Mabwa also focuses on ensuring that facilities in low-income neighborhoods respond to the needs of inhabitants. After meeting with residents on Chicago’s West Side, for instance, The Community Builders led a rehabilitation of the Oakley Square Apartments. This project converts first-floor units into a health clinic, classrooms, a yoga room, and more.
The Value of Predictability: Prefabrication for Healthcare Facilities
Jenny Han’s company helps healthcare providers rise to some of the challenges of inequity, thanks to prefabrication and modular construction. Prefabrication involves factory-assembling parts of a building (e.g., walls, mechanical/electrical/plumbing systems) traditionally done at the construction site. Modular refers to the standardized, self-contained units that are built within the factory.
Among the benefits of prefabrication, according to Han, are faster construction time (because work on site and in the factory happen simultaneously), fewer errors (due to a higher level of detailing and an integrated design process), and safer construction sites (fewer opportunities for accidents in a controlled fabrication environment). When it comes to shipping, the size of modules is only limited by road width and bridge heights.
Han also dispelled misconceptions partly attributable to mobile homes. “People think prefabricated facilities are lower quality,” she said. “Actually, they’re higher quality because the controlled factory environments create less dust, less waste, and straighter lines. The predictable nature of modular design and construction means a consistent, high-quality product. And because Boldt is a modular designer/manufacturer/builder, the prefabricated solutions can blend seamlessly in the neighborhoods and healthcare campuses.”
This repeatability makes modular construction a viable option for enhancing healthcare offerings in disadvantaged areas. Han gave examples of clinics, micro-hospitals, and surgery centers. She also pointed out that with prefabrication, “an underserved community gets just as good a product as anywhere else.”
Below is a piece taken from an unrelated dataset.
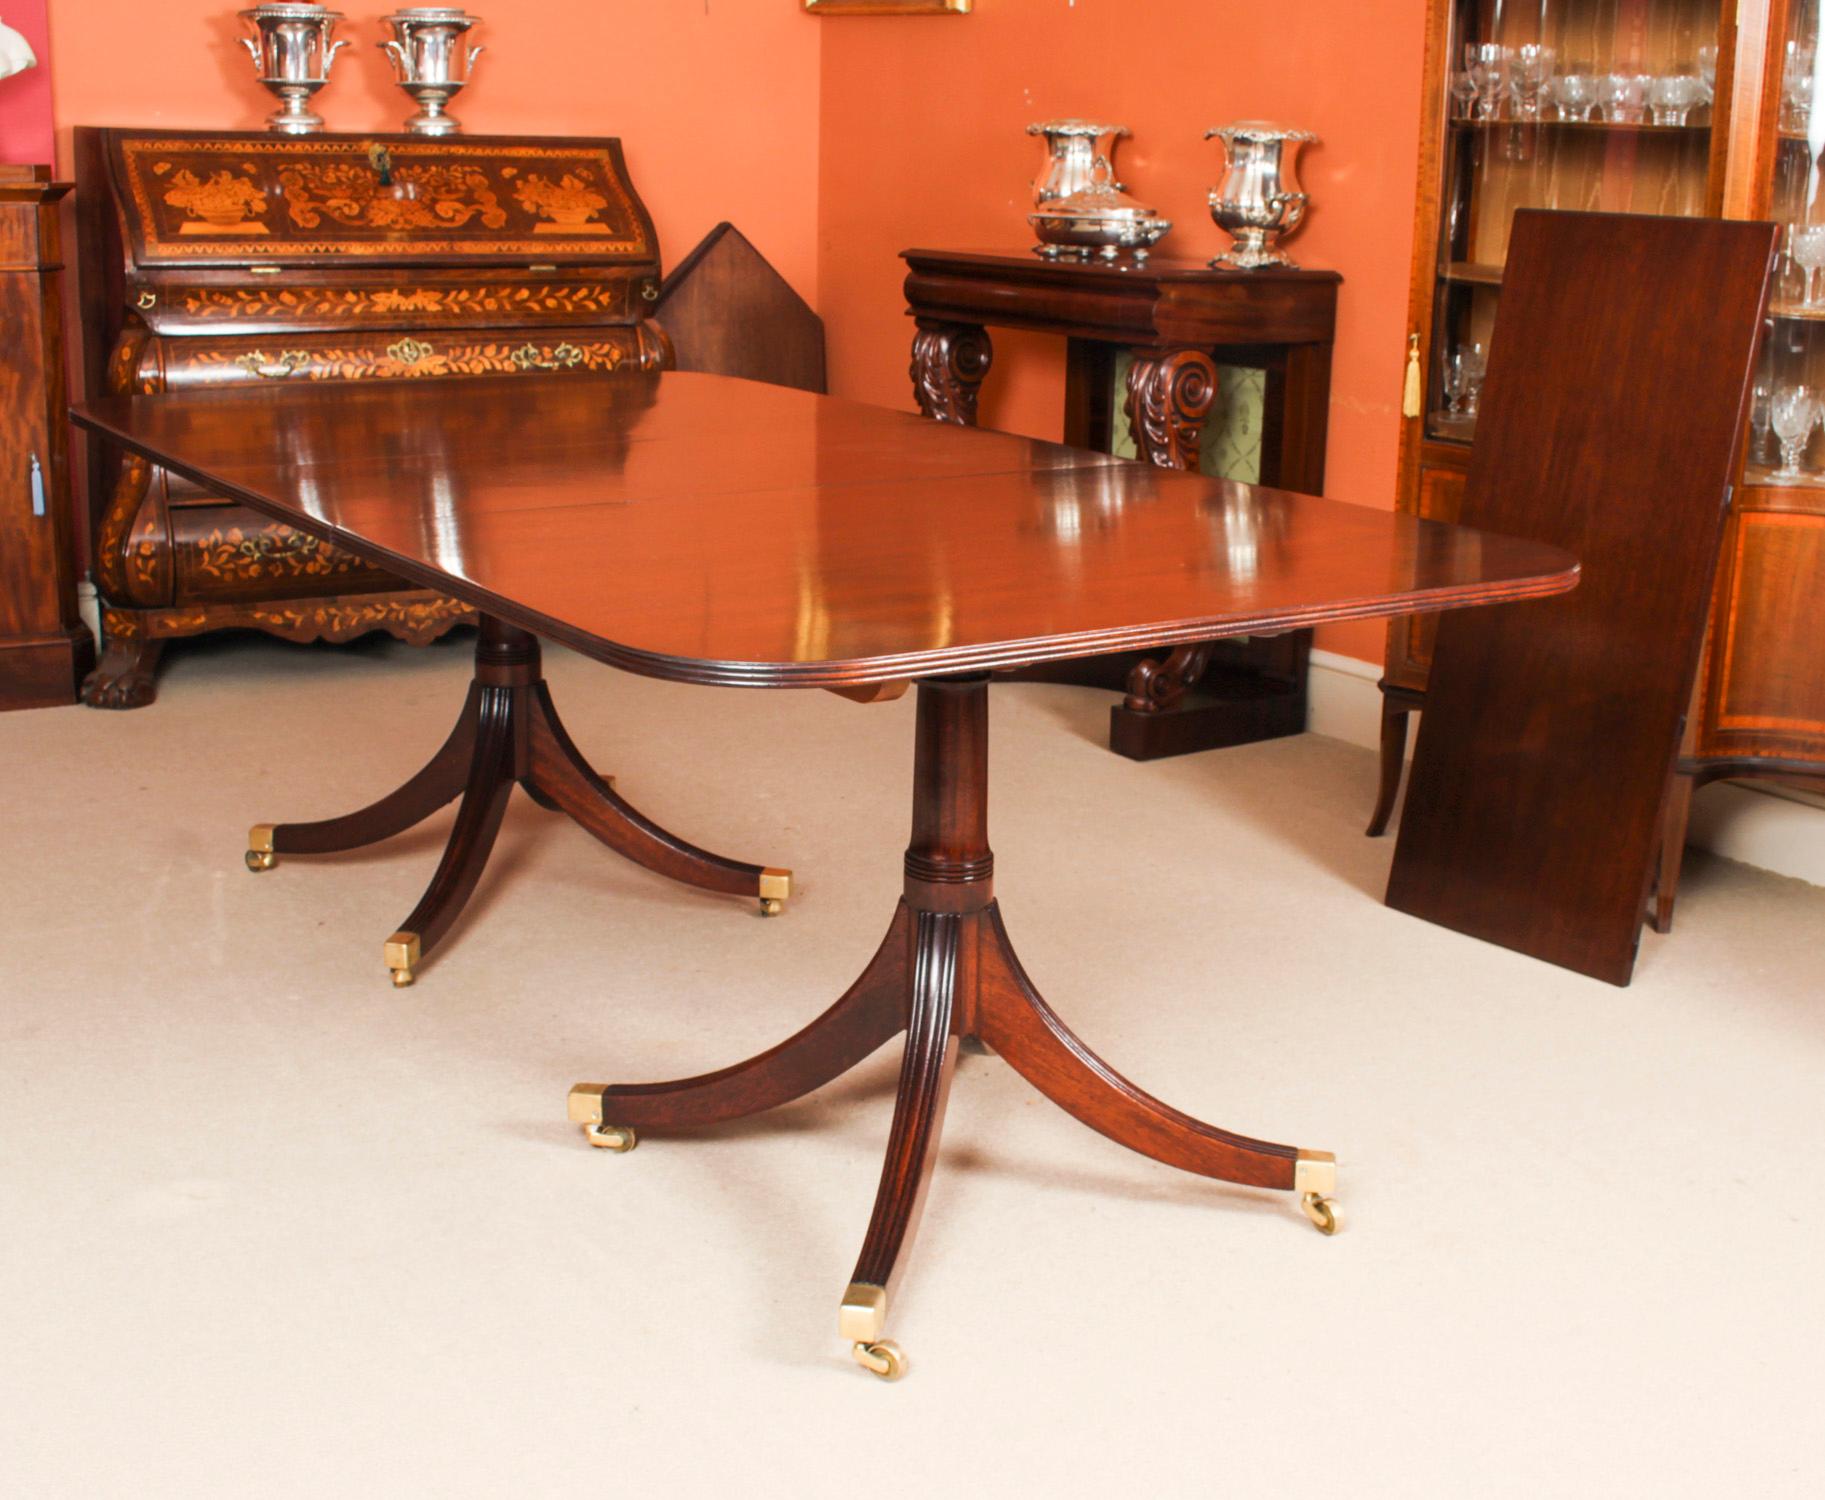 Mahogany Vintage Regency Revival Twin Pillar Dining Table by William Tillman 20th C
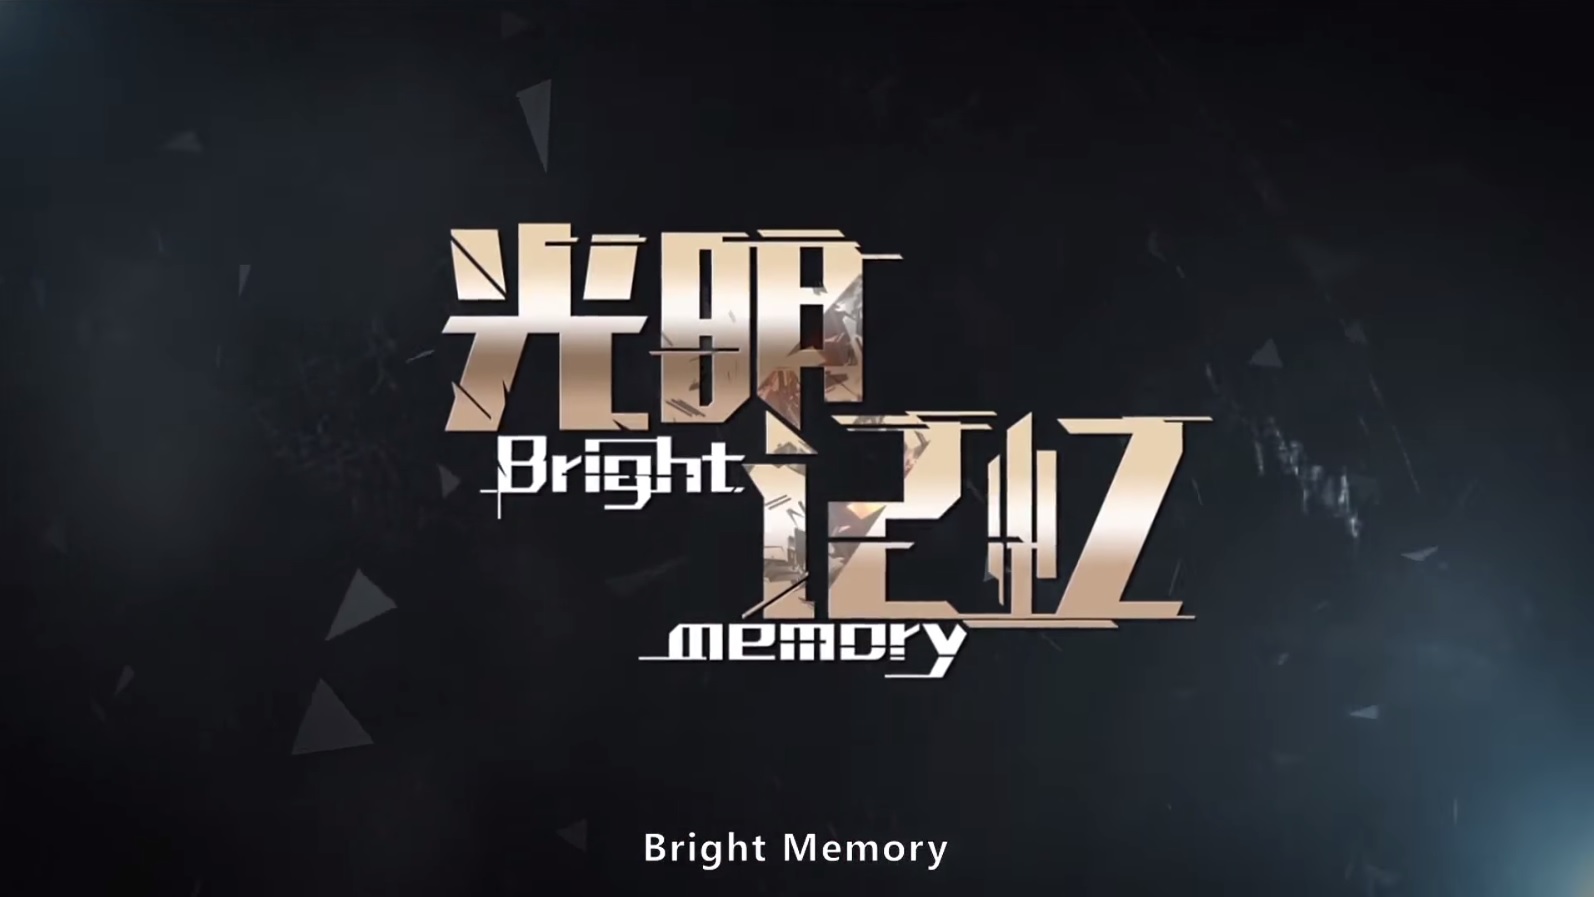 Bright Memory ผลงาน FPS จากแดนมังกร ที่ใช้เอนจิ้น Unreal Engine 4 ในการทำ

National Healthcare Equity: The Heart of the Matter
When he was in his thirties, Jered had a stroke, fell into a coma, and went into heart failure. A device kept his heart pumping. During an exercise class at Synapse House, he received a call from his mother. After he got off the phone, he said, “I’ve got a heart!”
Today, Jered is not only a clubhouse member, but he also sits on Synapse House’s board of directors.
Achieving more outcomes like this requires a monumental shift in how we view healthcare. The US healthcare system faces a quandary: though we stand at the forefront of technological advancement, the exorbitant cost for care widens the gap between the haves and the have-nots, leading to zip code disparities.
“We have to stop thinking about people as commodities,” said Mabwa. “Many countries look to us as a leader. We have to fix our house first, then things will fall into place.”
Cahnman added that the healthcare system is just the top of the pyramid in terms of achieving health equity and living a healthy life.
Han suggested that the US needs to take cues from countries with more successful and comprehensive systems and enact policies accordingly.
And just who is responsible for addressing these disparities? Brueggeman said the solution comes in the commitment of “all of us, not just healthcare providers and governments.”